Hello.
Tough gig being on the verge of first team football. Spurs fans in general are optimistic and welcoming to those wanting to break through. But only a handful of folk get to see them play and footage is often rarer than rocking horse do do.
And speaking of wooden things with limited mobility, it would be great to have someone with a bit of ‘zip’ at the back if they are supposed to playing in an attacking role too.
They must have felt like this when they found the Marie Celeste.
They must have felt like this when they found this blog.
I’m back in the game in the am.
Or your subscriptions back!
greavesie told a joke so i,m gonna tell one….ahem whats the difference between jam and marmalade answer you can,t marmalade your knob up a birds arse boom boom
Harold.
“Help I’m stuck.

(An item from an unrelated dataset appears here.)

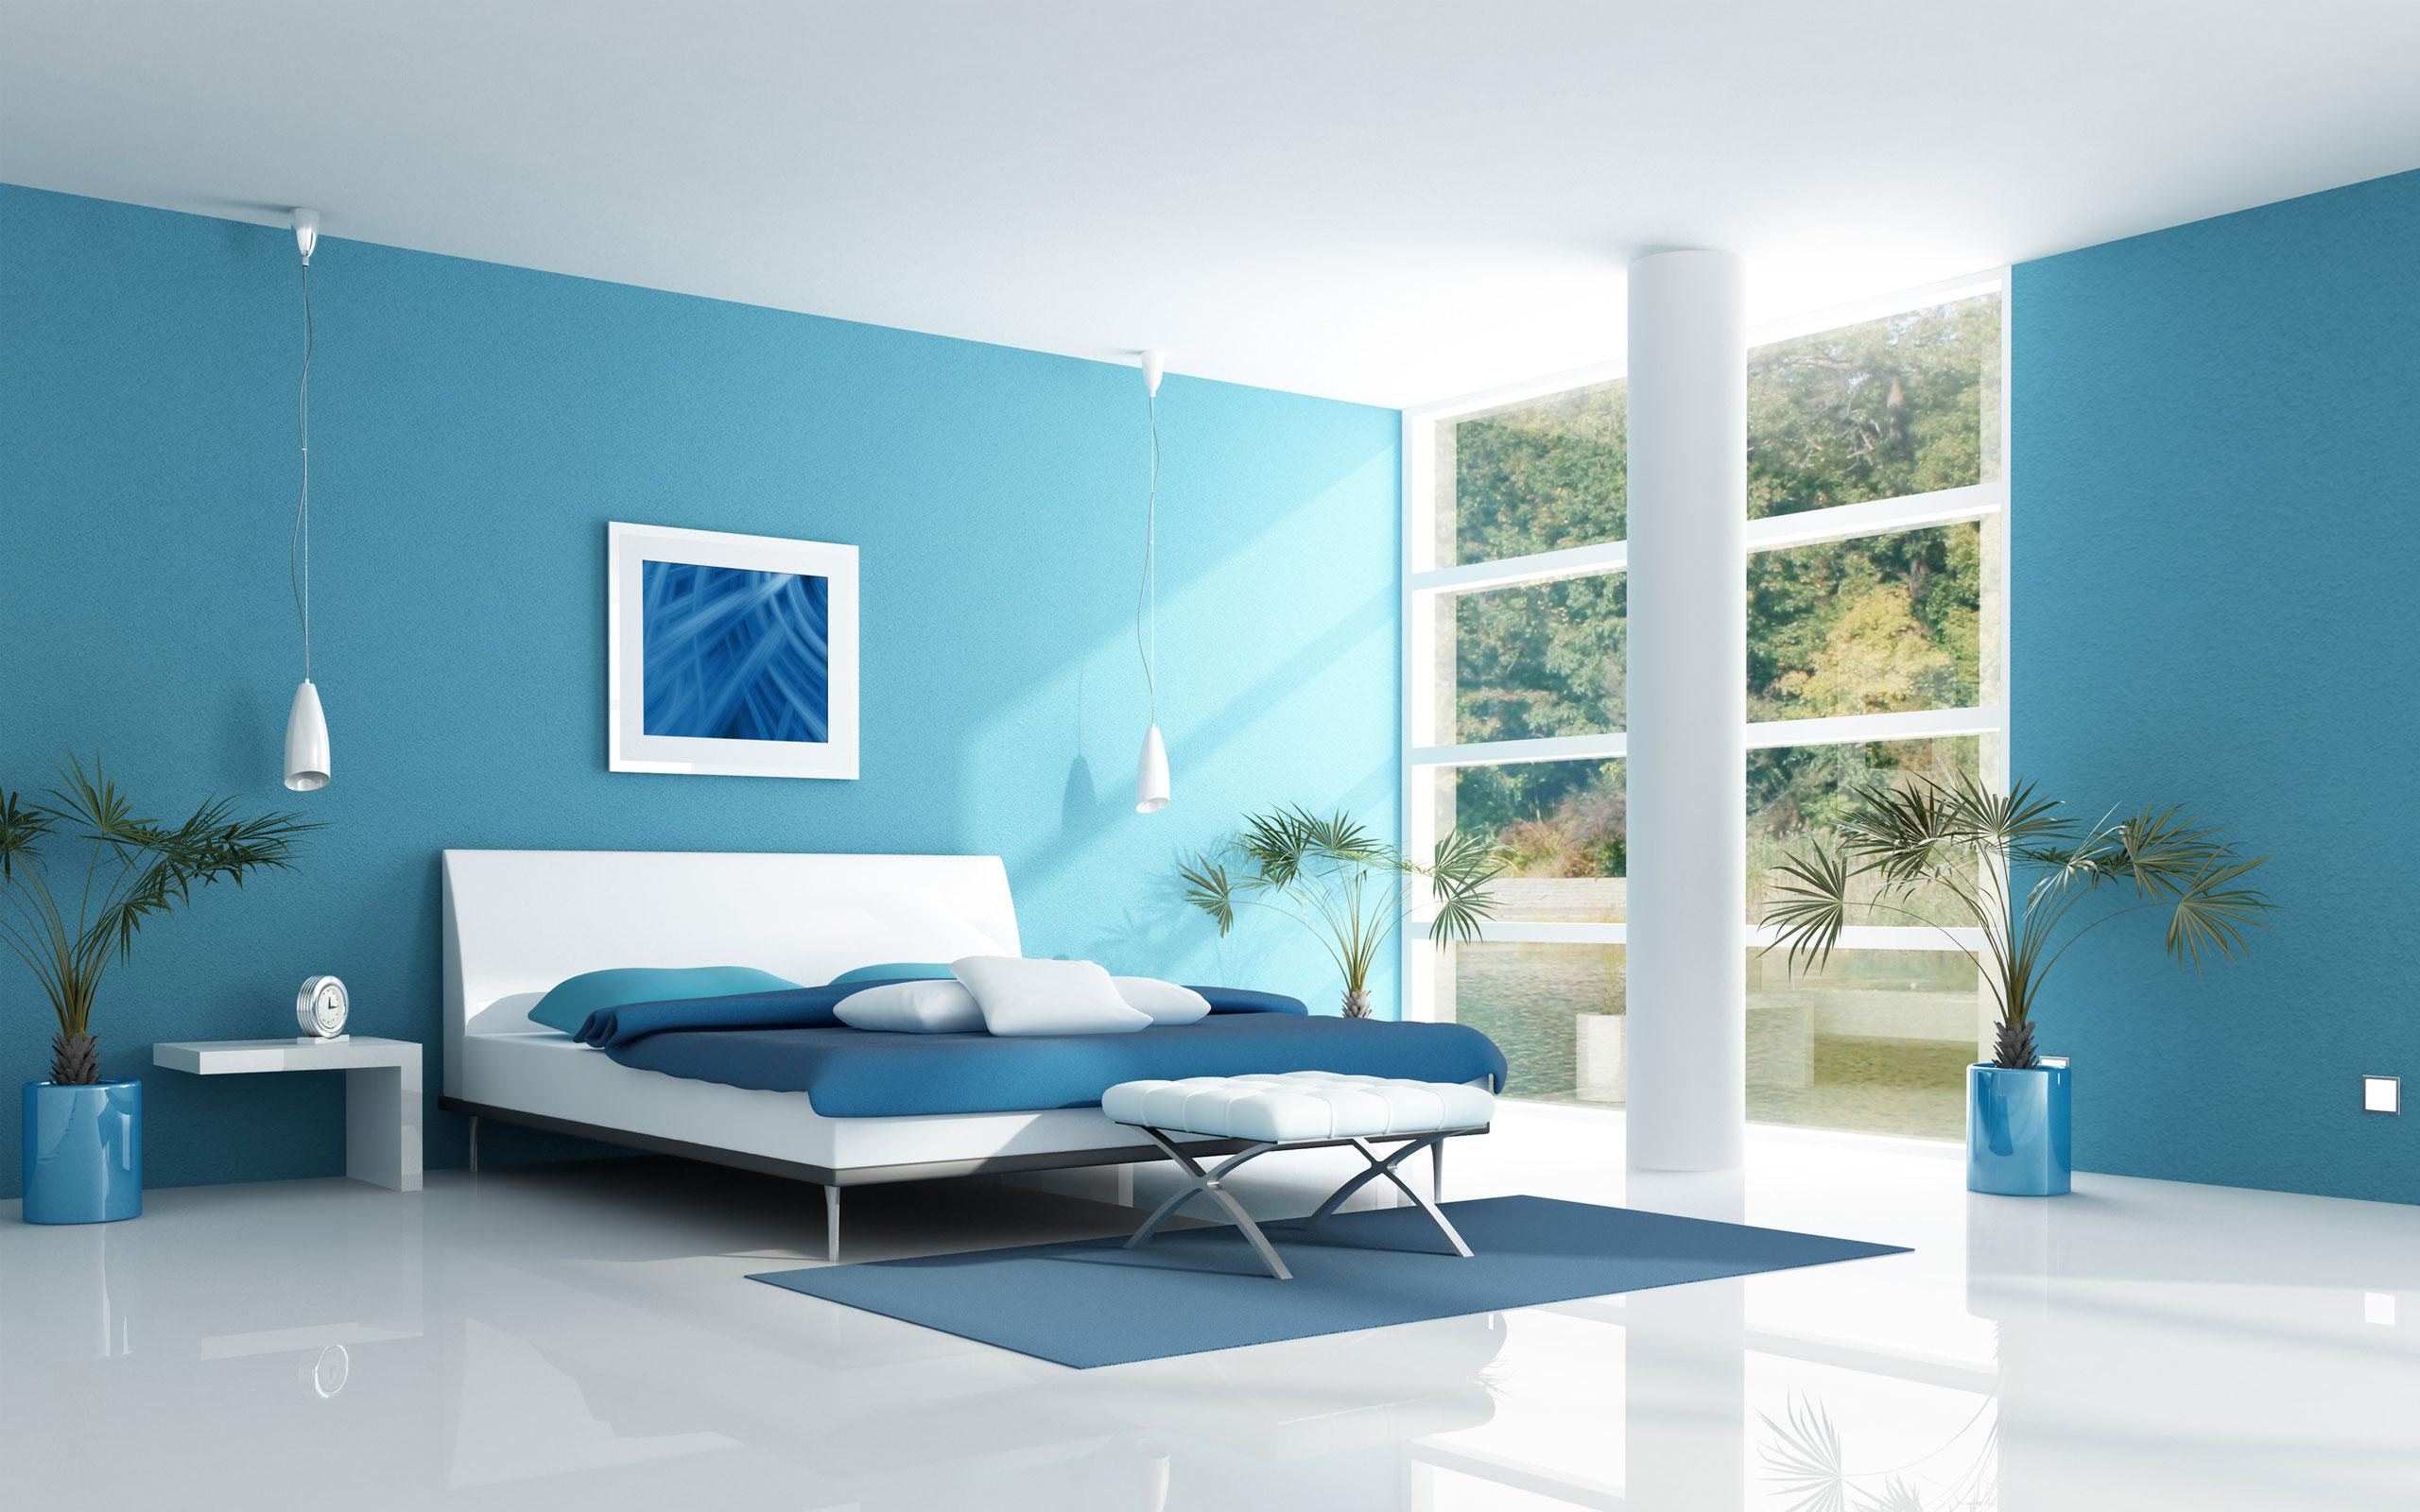 cashew heights interior design by krome reno

I can’t log in
Theres lots of comments all over town
I can’t log in”
(Apologies to Bob the Builder)
WHat to do?
Auto ‘flaming’ Trader
Harold, you having a laugh!
i’m glad someone realised it was a joke but in what way is the reply funny?
I realised it was supposed to be a (some might say racist) joke. Gareth Bale is Welsh, you may have noticed?

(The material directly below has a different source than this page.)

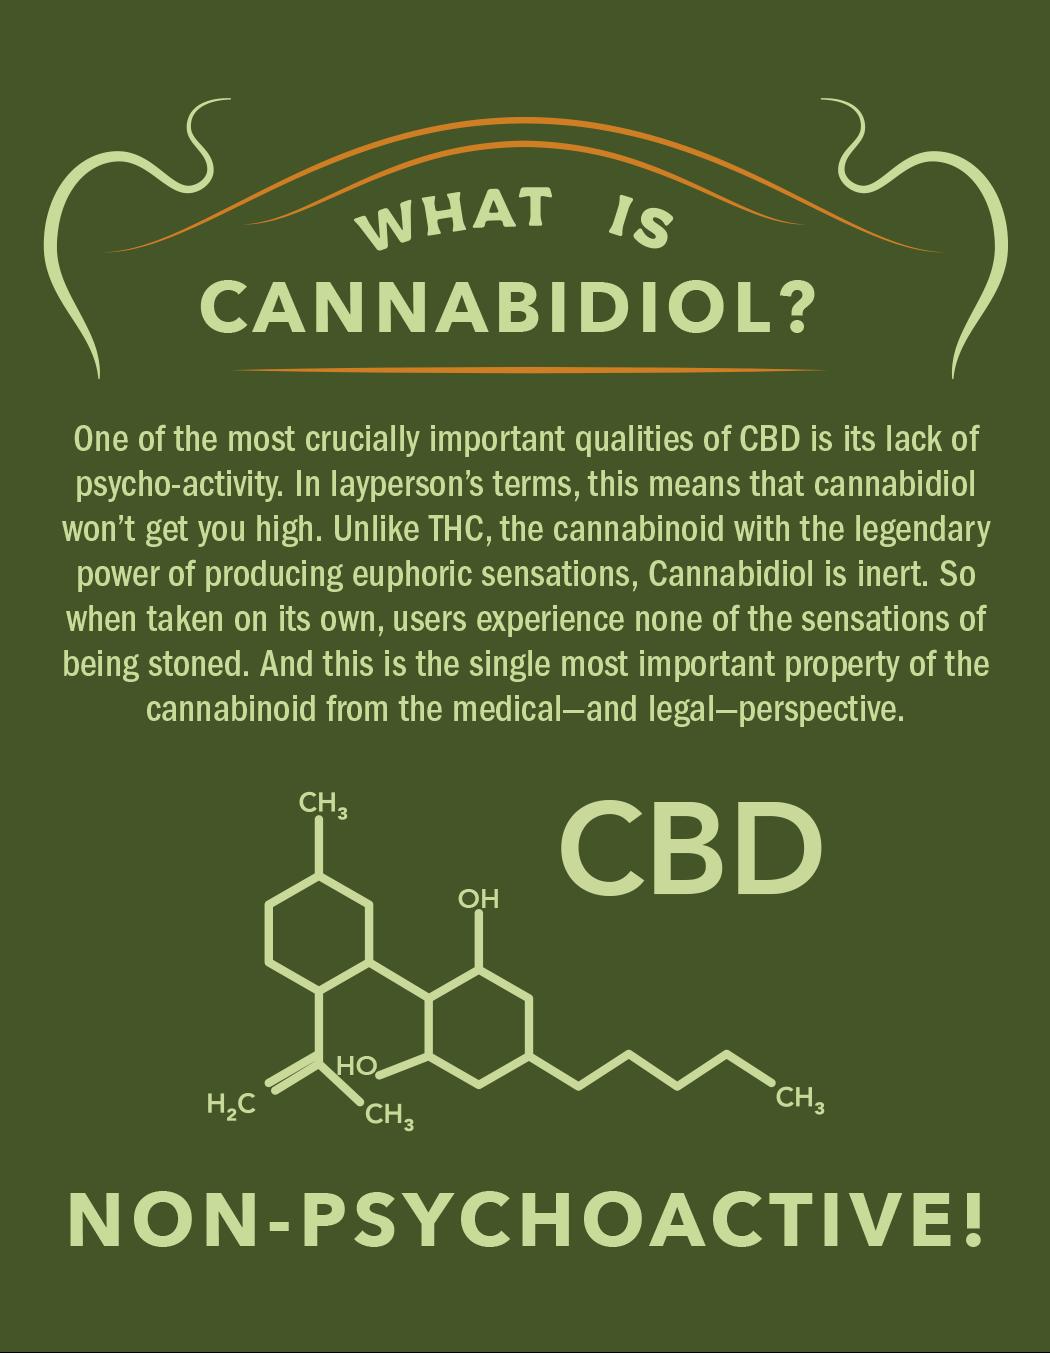 What is Cannabidiol?

But please feel free to explain what your abbreviated Q and A represent? Because if it’s question and answer, then you need to learn what makes a question, a question.
“Q. can’t stand those Welsh bastards either”
Is that a question? No.
I was offering you the option to give names to your “Q & A”, such as Quentin and Andrew, since they make little sense in the context you used them in otherwise in your “funny joke”.
So, who’s funnier? You, with your racist joke, or me in my response(which at the time was light-hearted)?